PROVIDED DATA:
▽

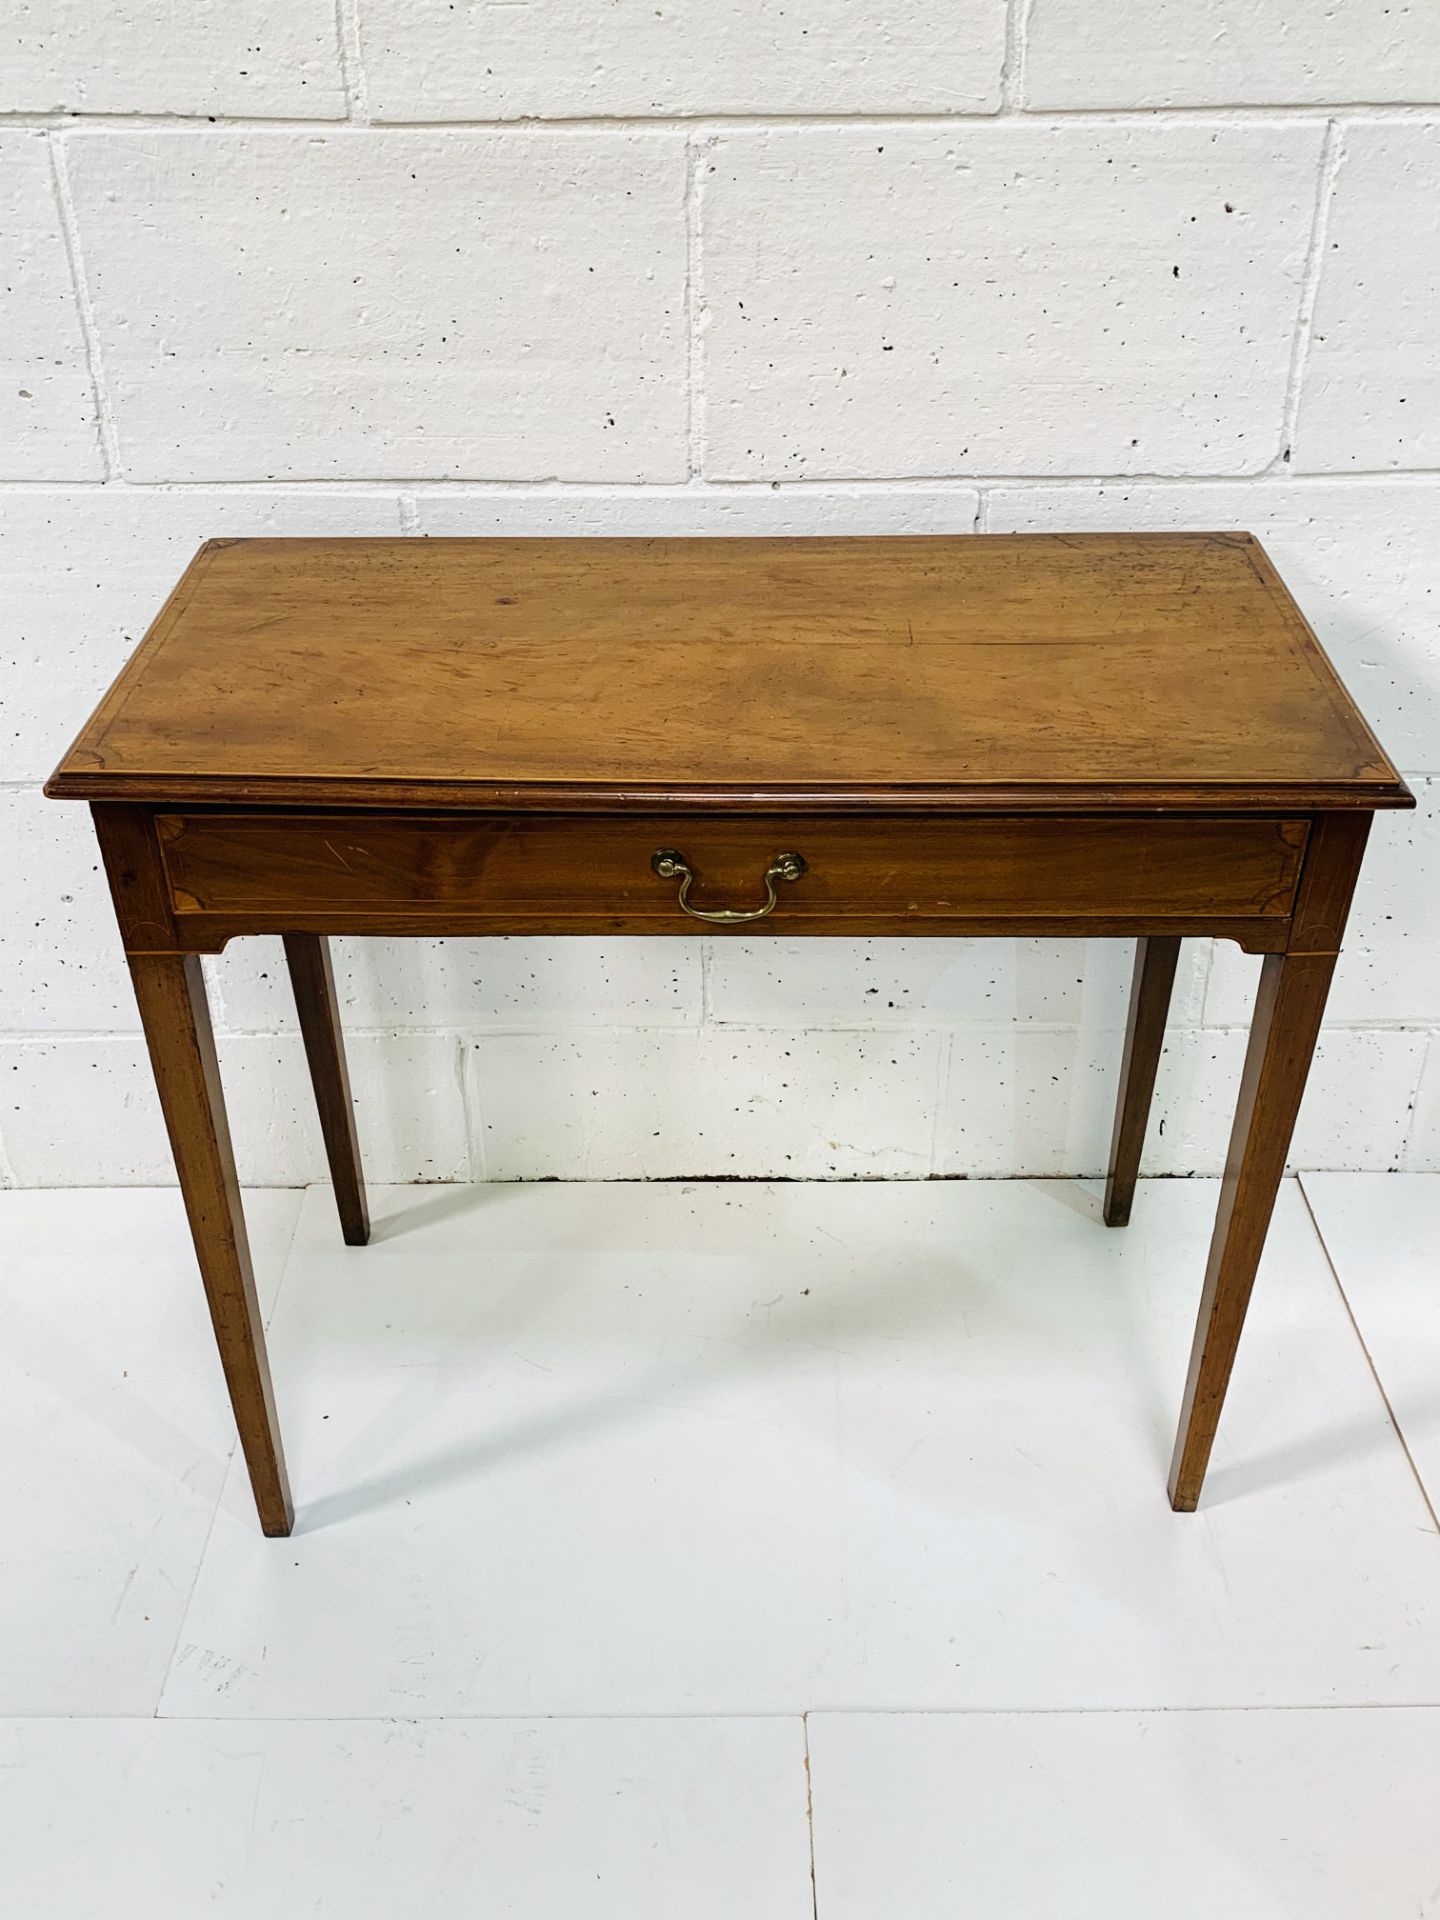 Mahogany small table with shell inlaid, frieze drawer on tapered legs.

△
▽

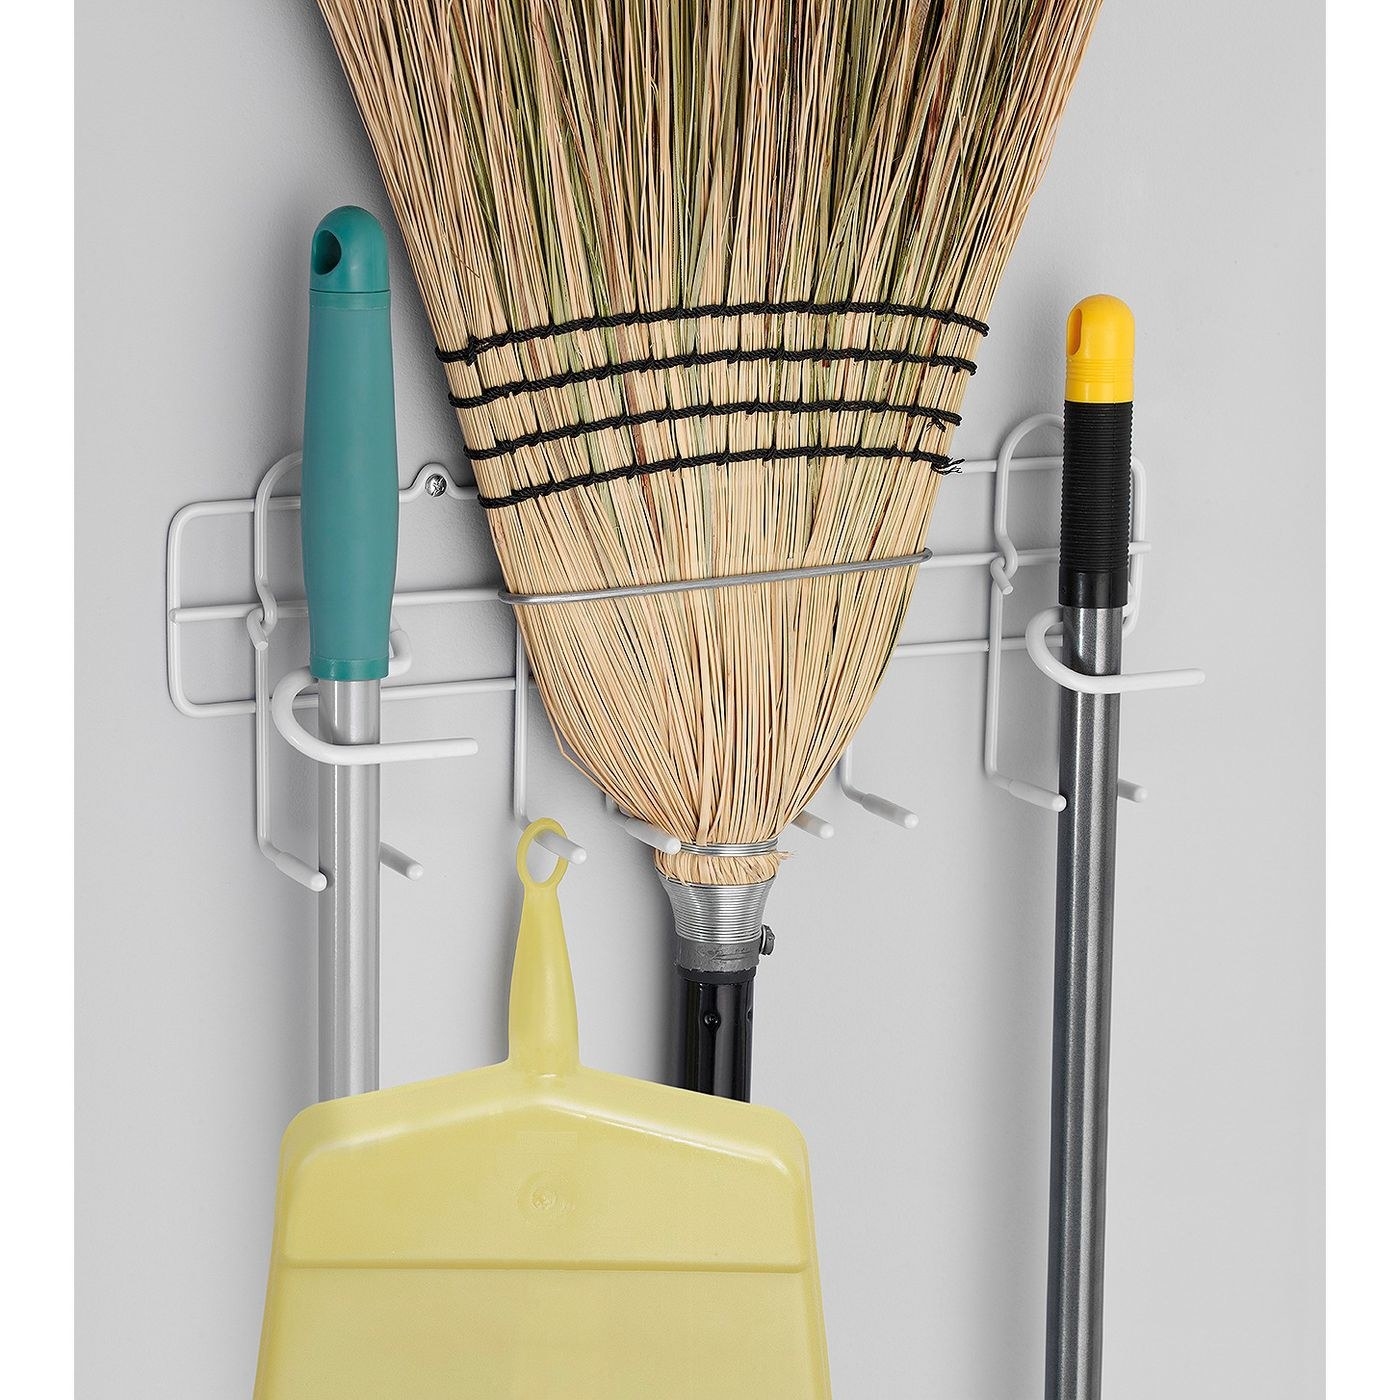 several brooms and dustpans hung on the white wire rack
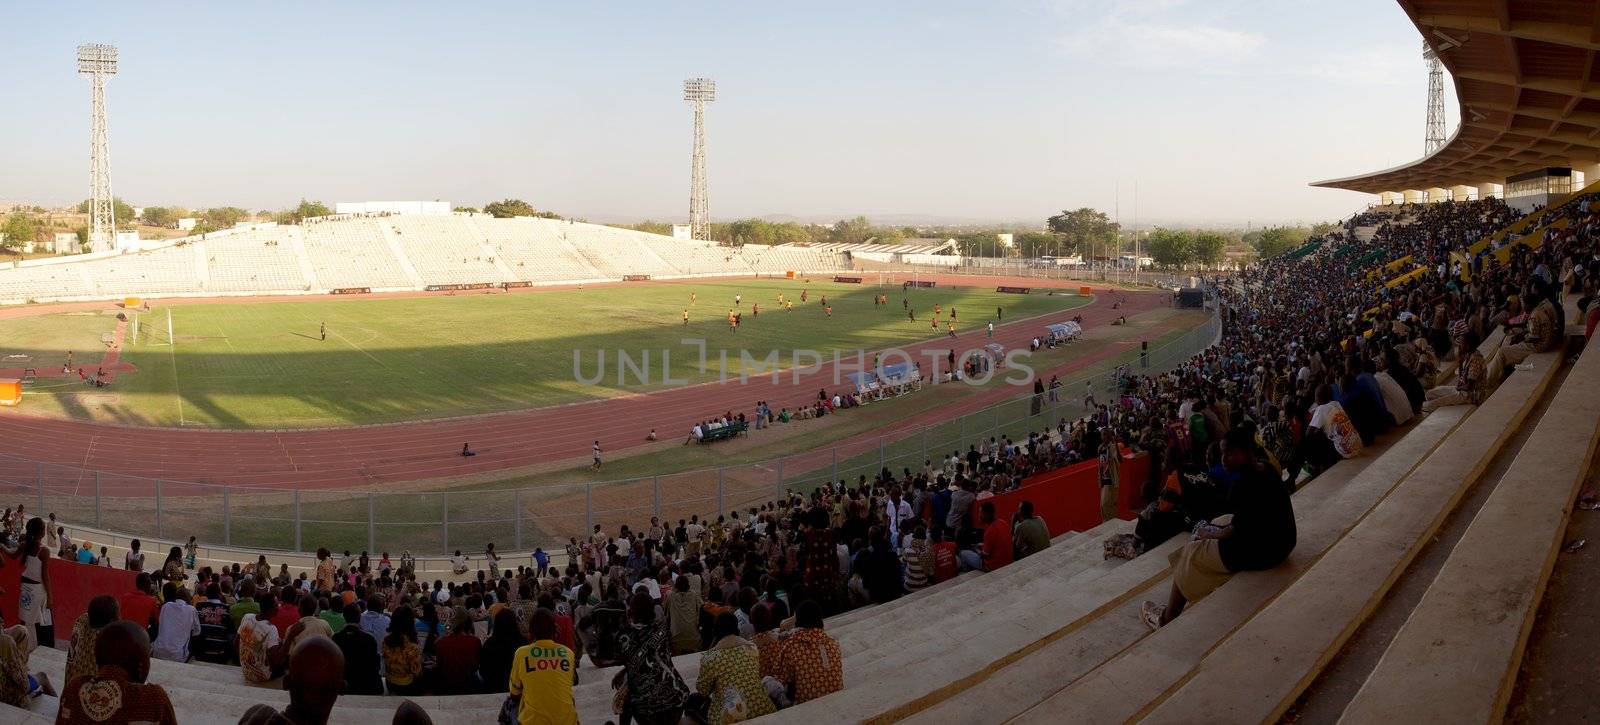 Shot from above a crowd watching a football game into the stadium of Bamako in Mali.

△
▽

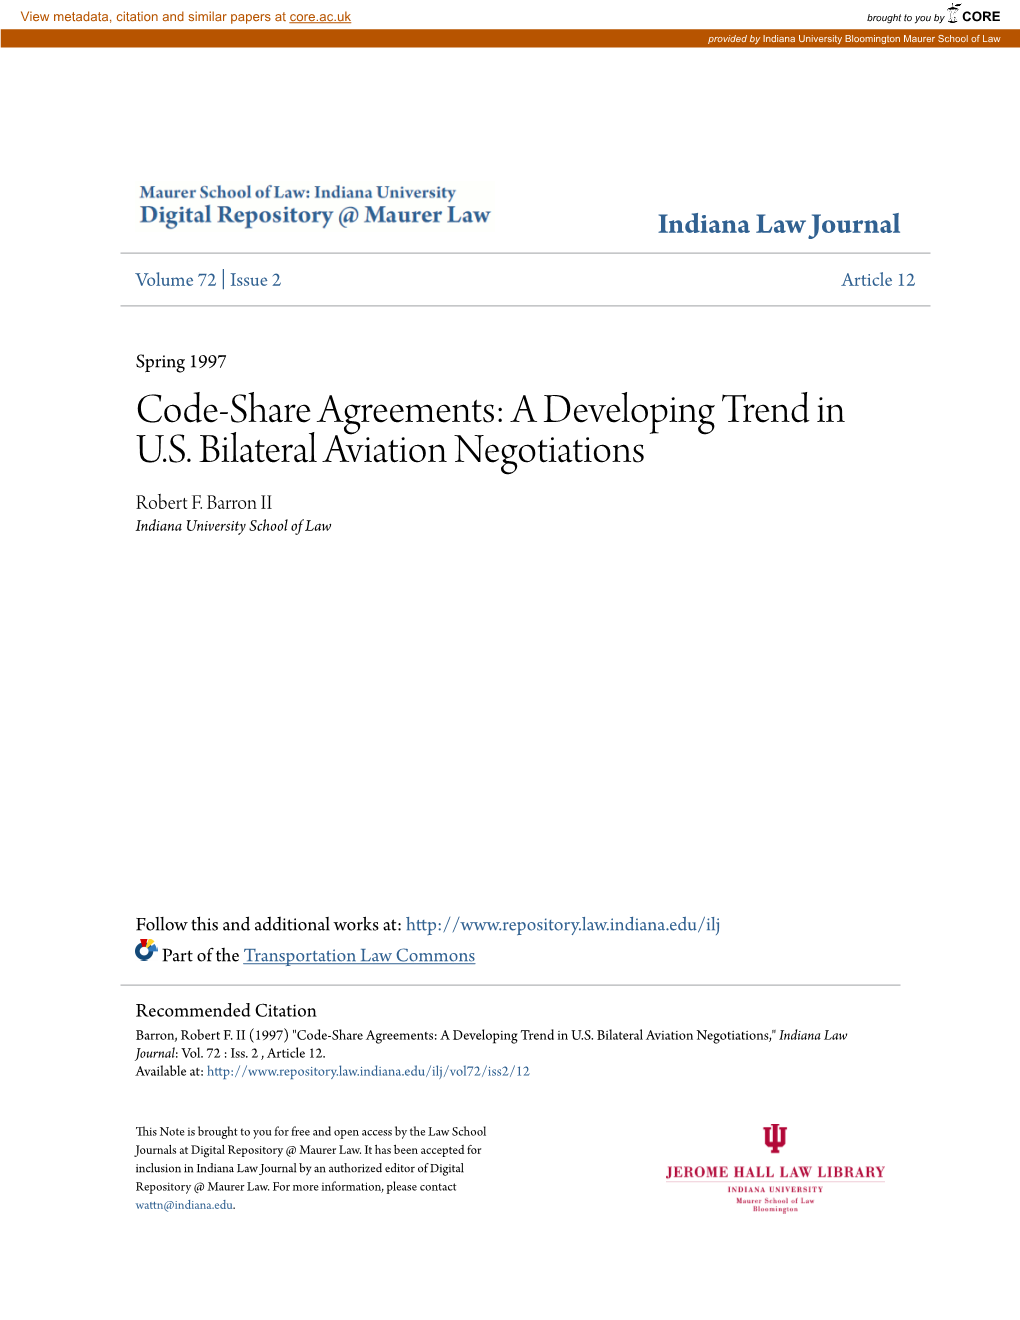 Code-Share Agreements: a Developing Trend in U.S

△

TASK TO COMPLETE:
Those lines of the records above that run from the one containing "several brooms and" through the one containing "Shot from above" should be returned exactly, with no pictures among them.

ANSWER SECTION:
 several brooms and dustpans hung on the white wire rack
 Shot from above a crowd watching a football game into the stadium of Bamako in Mali.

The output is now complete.